ところが、前示認定事実によれば、平田は、値動きが激しいと控訴人代表者に短い電話の中で述べたのみで、本件分離型ワラントの内容、重大な危険性をほとんど説明していない。控訴人代表者が自分を信頼しているのに乗じて控訴人から注文を取り付けたのである。ワラントの内容を少しなりとも説明したのは、取引の後になってからに過ぎない。このような状況からすれば、平田には前示説明義務違反があり不法行為の違法と評価し得る違法な勧誘を行ったものでこれに故意又は少なくとも過失があることが明らかである。そして、平田は、被控訴人の事業の執行につき本件ワラントの購入を勧誘したものであるから、被控訴人は、民法七一五条により、平田の違法な勧誘により控訴人が被った損害を賠償すべきである。
四 しかし、控訴人が平田の不法行為により損害を被ったといっても、控訴人側にも大きい過失がある。

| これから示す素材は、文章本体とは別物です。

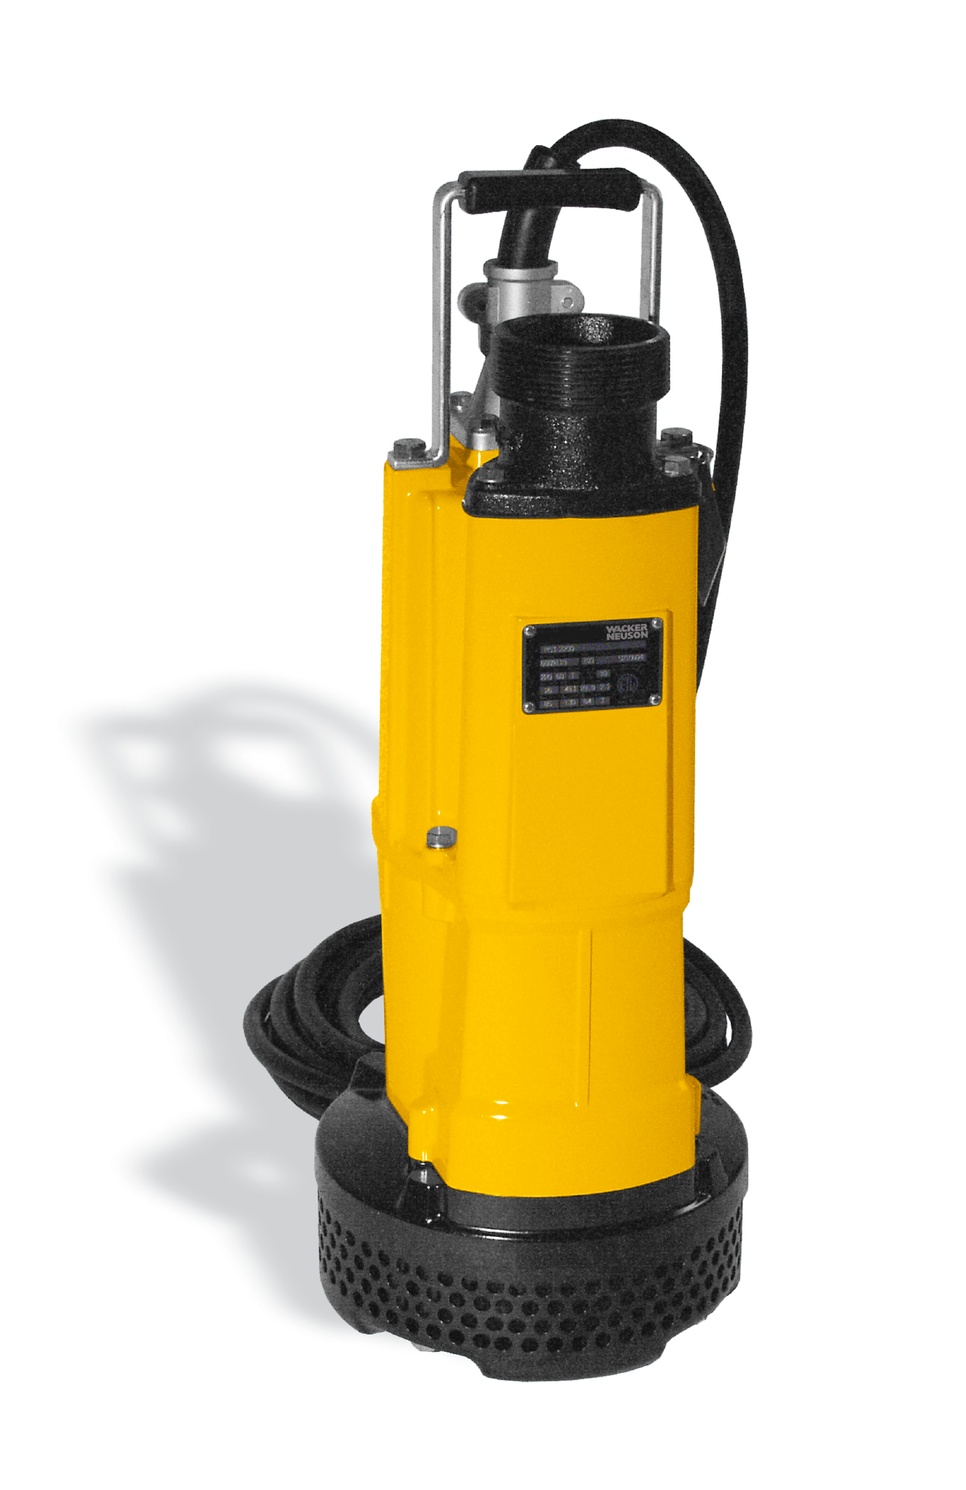  Wacker Neuson Submersible pumps PS3 2200

本来、ワラントでなくても利益を目指して証券取引をする以上、そこにリスクが伴うことを覚悟しなければならない。利益が出ても損失を被っても、前示のとおり本来は自己の責任である。控訴人代表者は、平田に委せきりにして株式取引を継続し、平田が、本件ワラントを勧誘した際にも深く検討もせず、儲かるという説明のみを軽信して安易に本件ワラントを購入したのである。平田に委せきりにするならその結果としてのリスクも負わなければならない。右事実と控訴人代表者の年齢その他諸般の事情を総合的に考察すれば、控訴人側の過失を七割とするのが相当である。
前示二3の認定事実によれば、控訴人が本件ワラントを購入するために支出した金額は、一一二五万円である。その三割の三三七万五〇〇〇円と弁護士費用相当額と認める三三万円の合計三七〇万五〇〇〇円が平田の不法行為により控訴人が被った損害と認められる。
五 以上のとおり、控訴人の請求は、三七〇万五〇〇〇円及び内金三三七万五〇〇〇円に対する不法行為の日から支払済みまで民法所定年五分の割合による遅延損害金の支払を求める限度で理由があり、その余は理由がない。よって、これと異なる原判決を変更し、主文のとおり判決する。